● What is required
Would you give the listing again exactly as written, minus its pictures?

● Available data
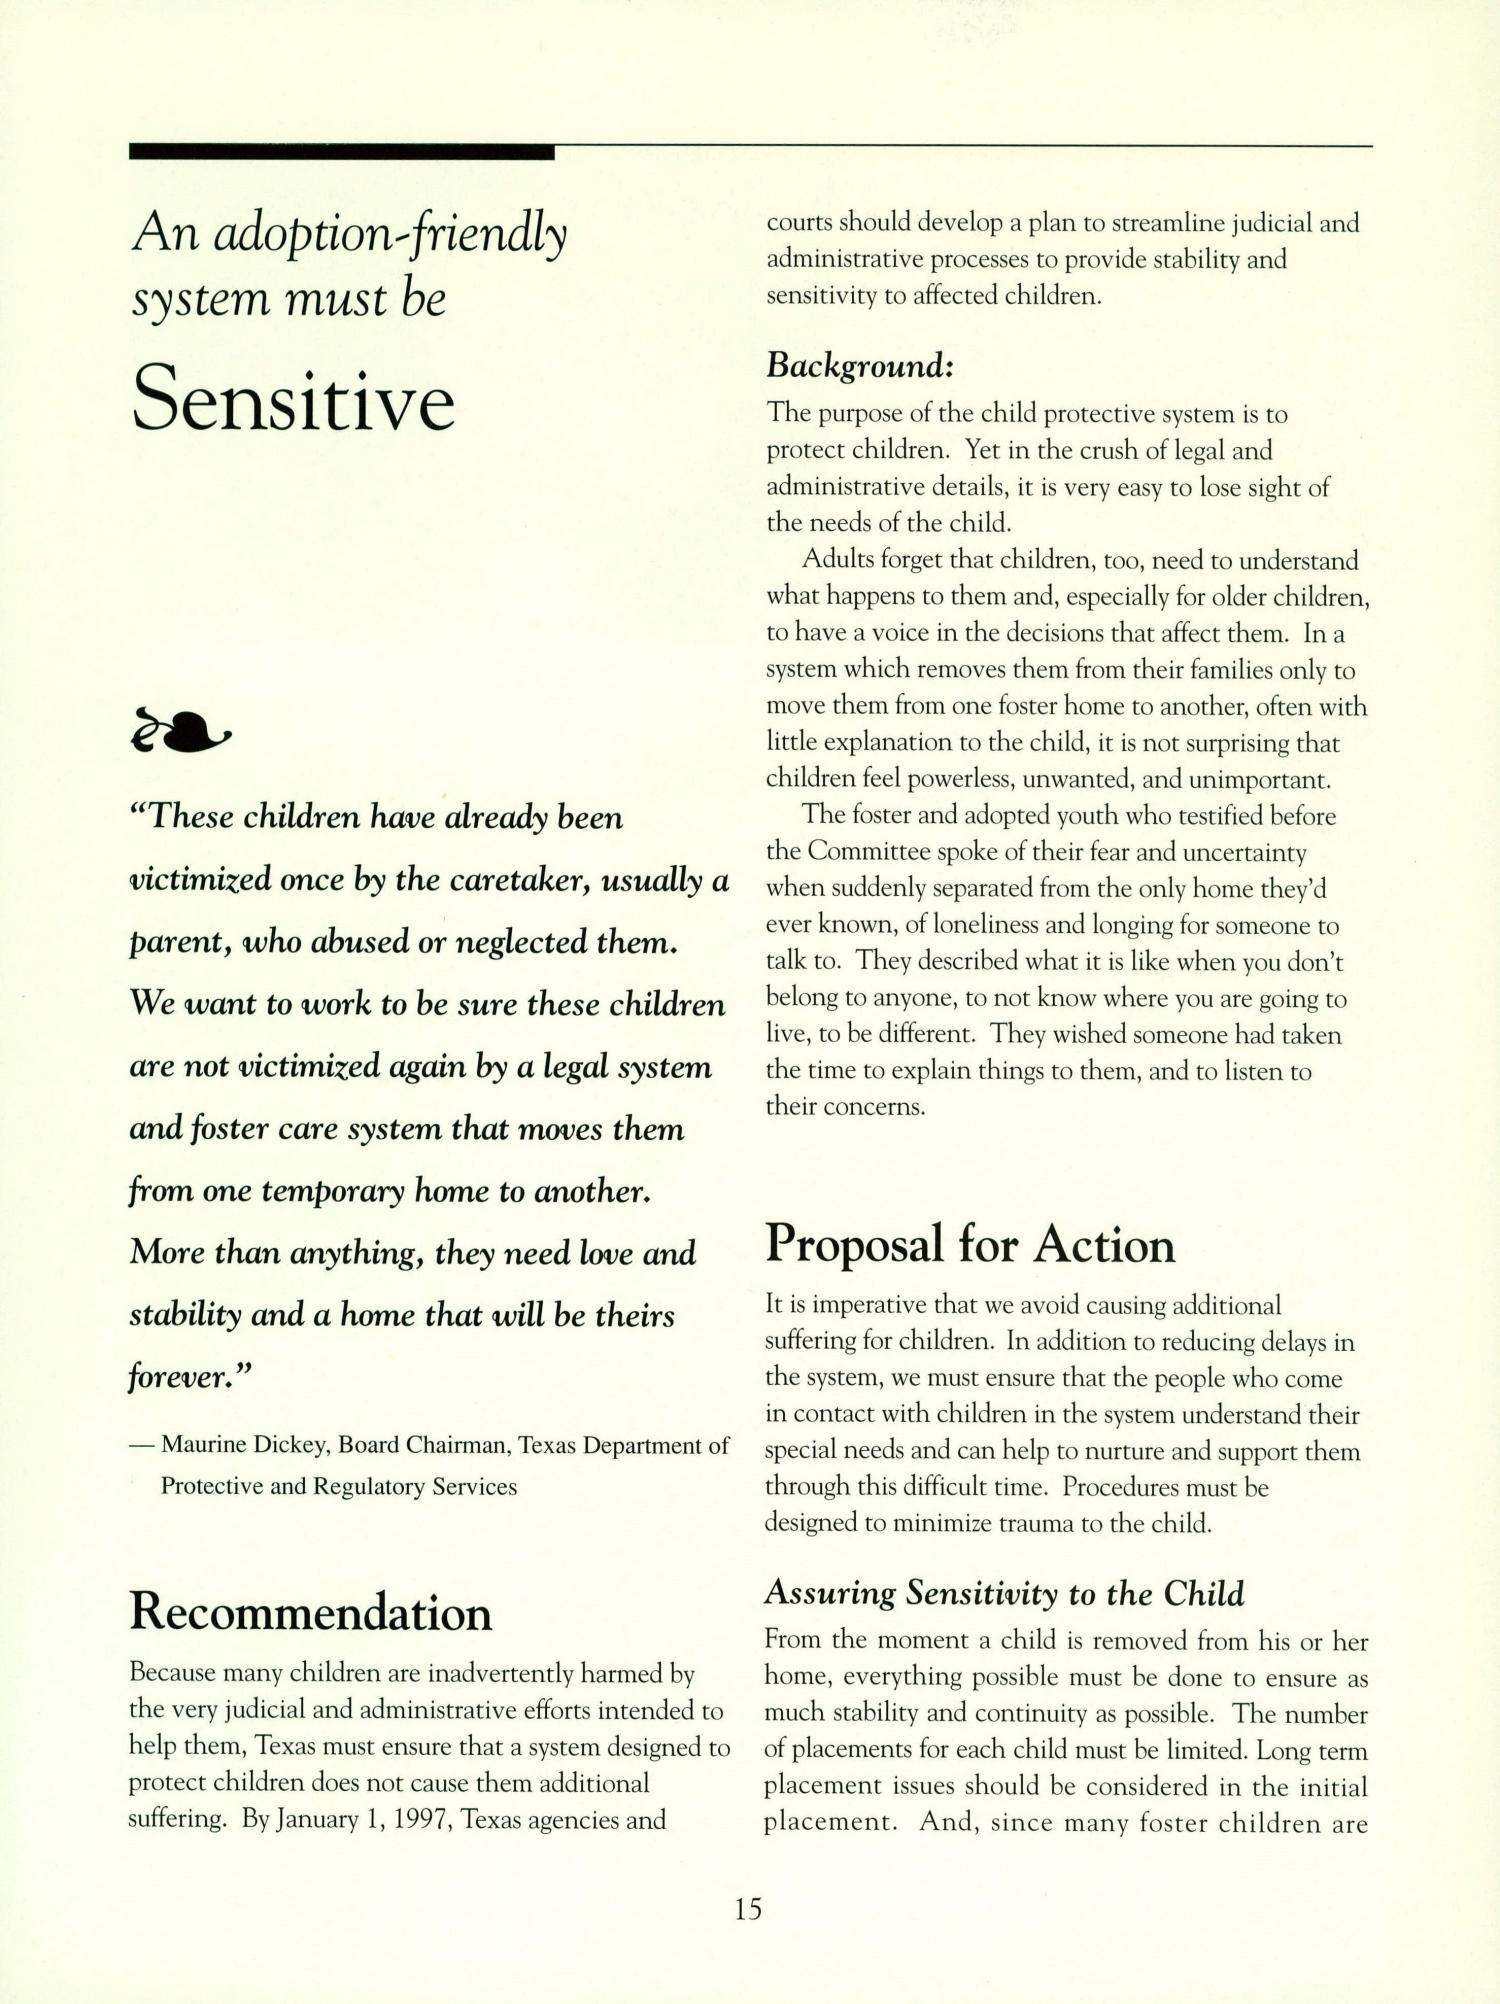 Report of the Governor's Committee to Promote Adoption
                                                
                                                    15
                                                
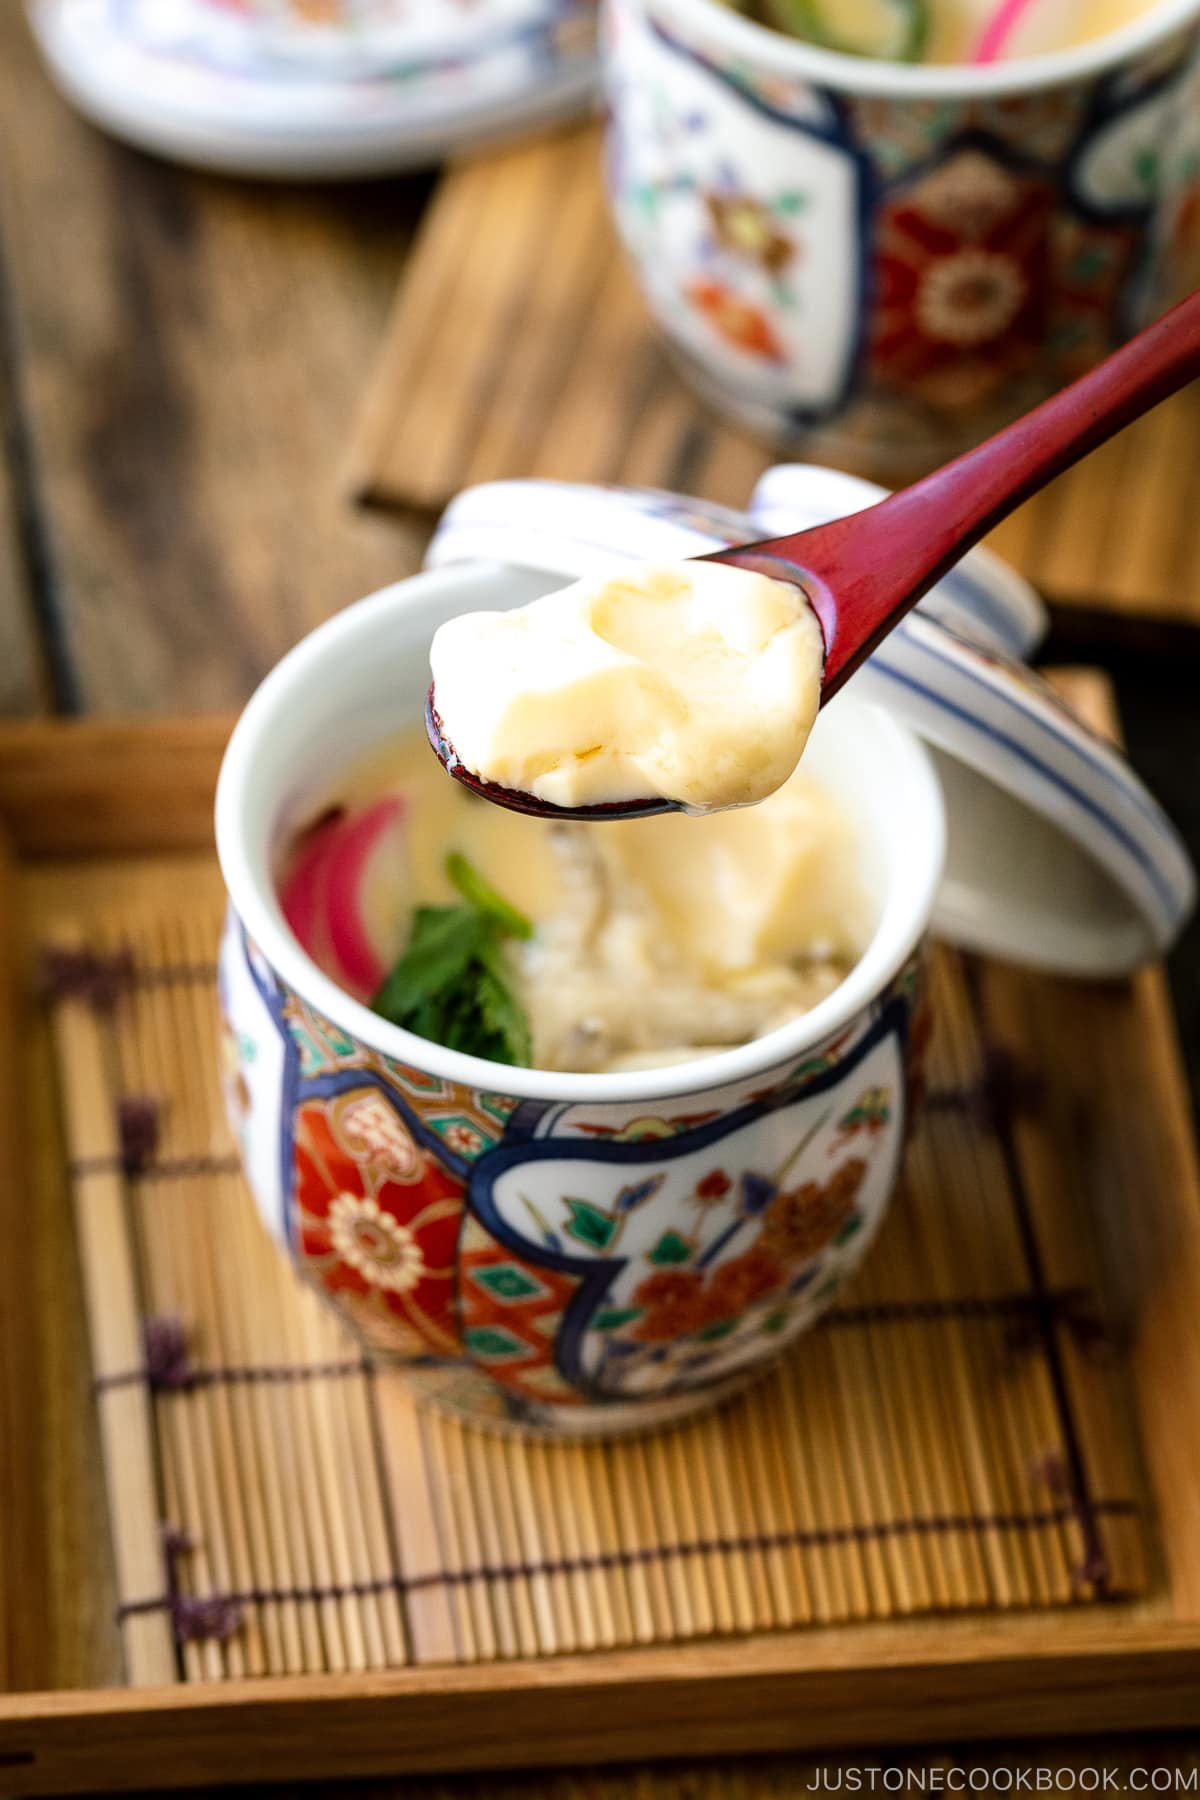 A special Japanese chawanmushi cup containing savory steamed custard filled with kamaboko fish cake, chicken, and mushroom.
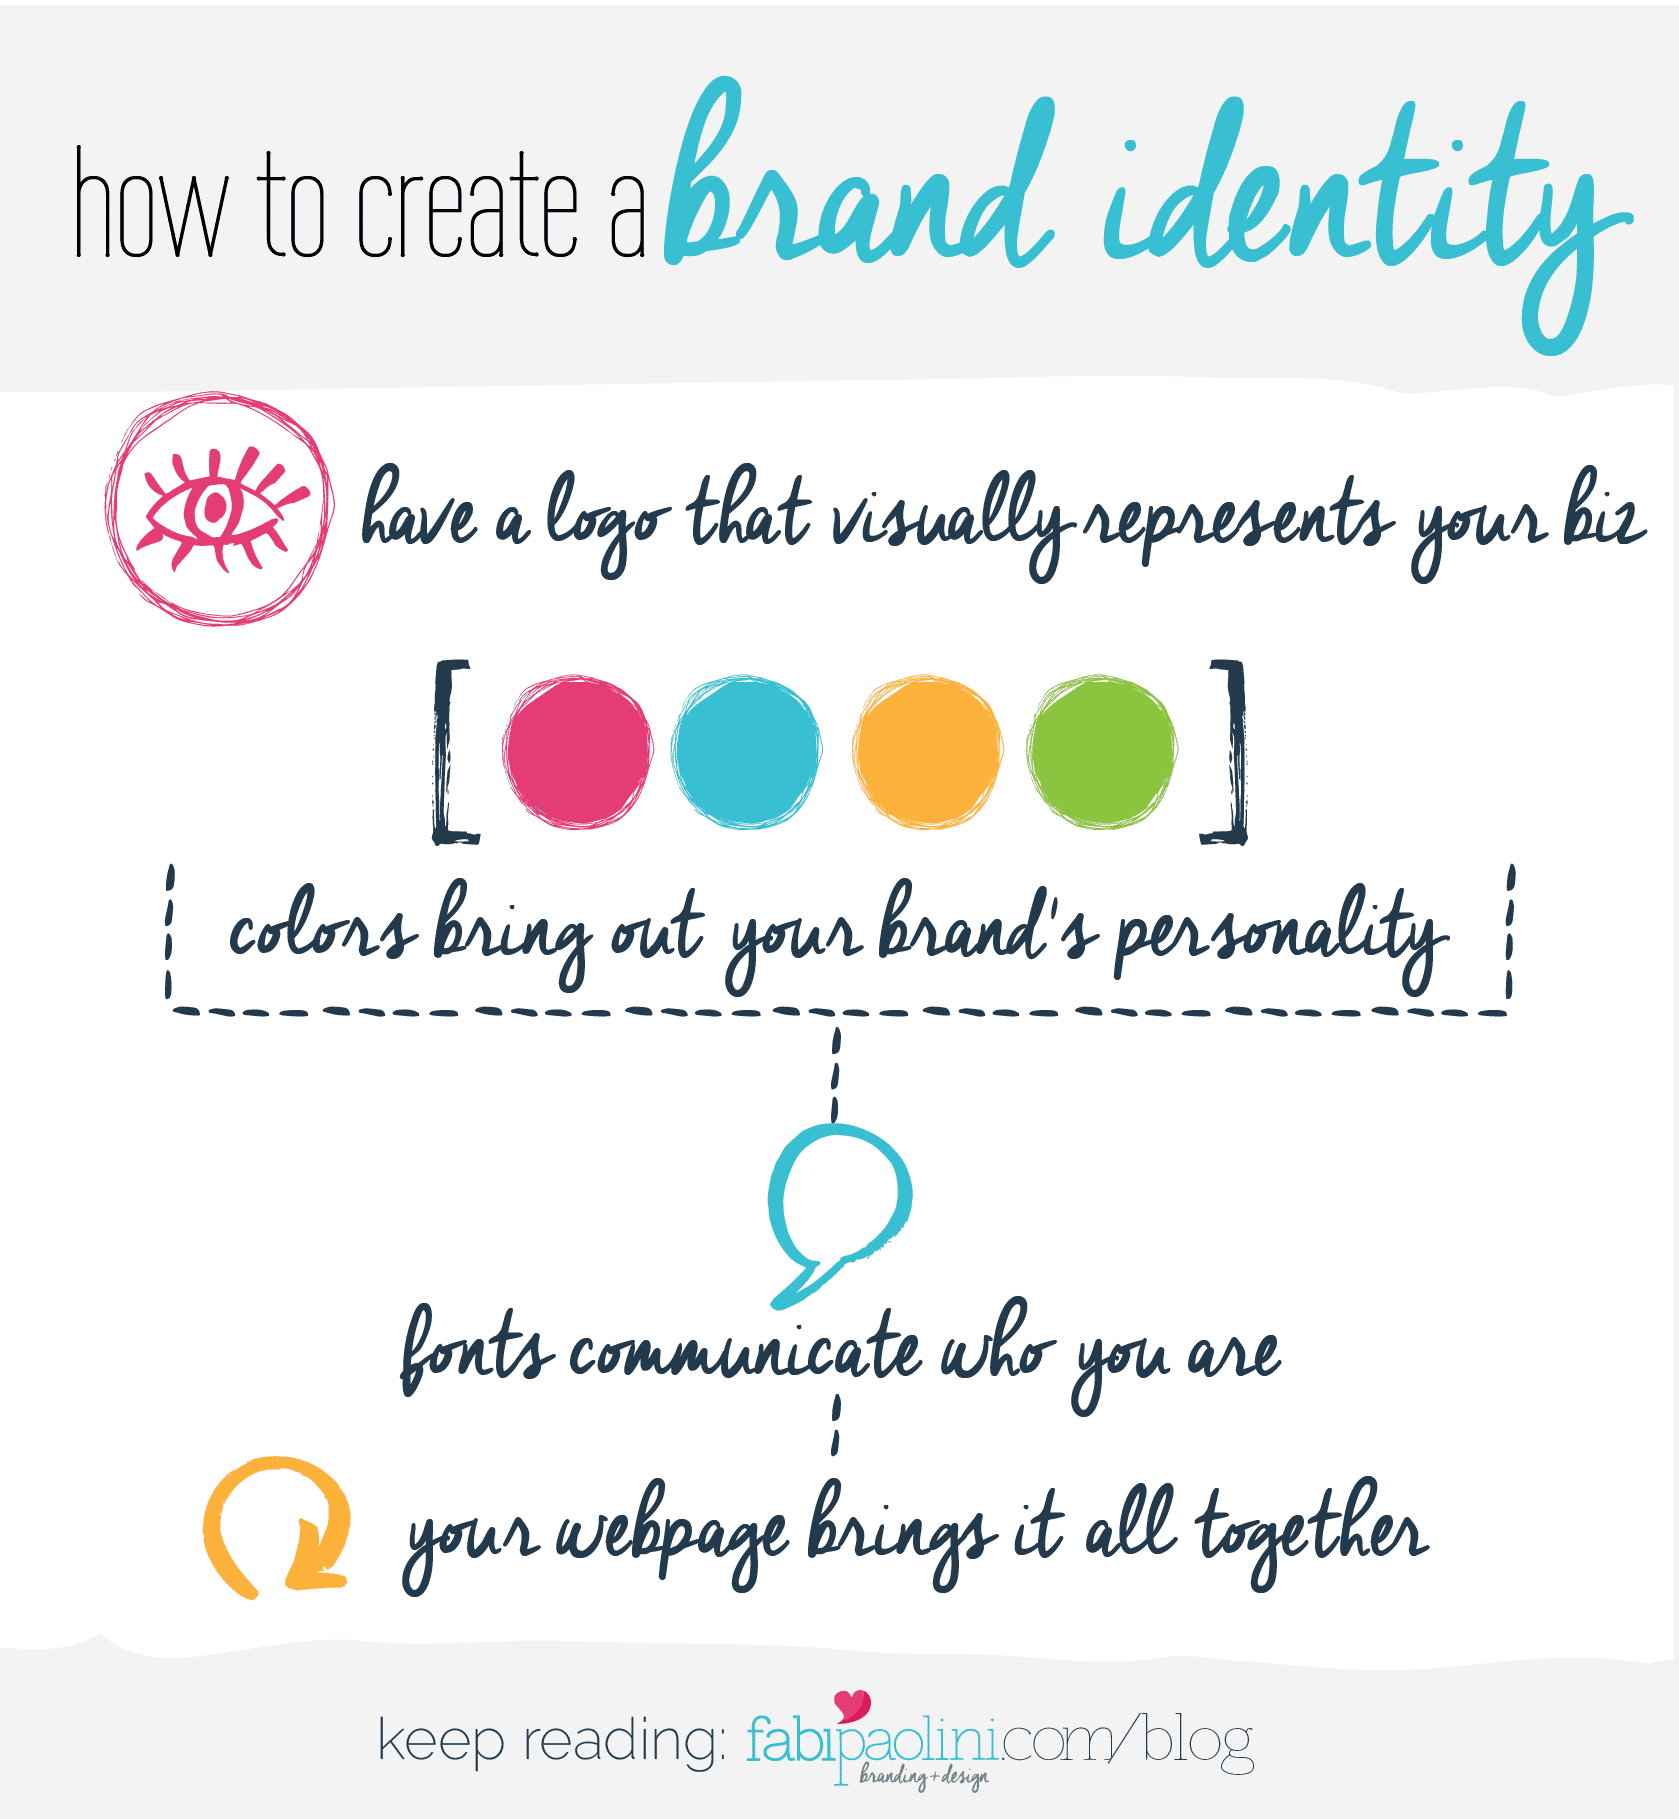 How to Brand Your Business. Branding + business tips and advice. Brand identity. How to choose a logo design, colors and fonts. Free branding guide inside

● Task result
 Report of the Governor's Committee to Promote Adoption
                                                
                                                    15
                                                
 A special Japanese chawanmushi cup containing savory steamed custard filled with kamaboko fish cake, chicken, and mushroom.
 How to Brand Your Business. Branding + business tips and advice. Brand identity. How to choose a logo design, colors and fonts. Free branding guide inside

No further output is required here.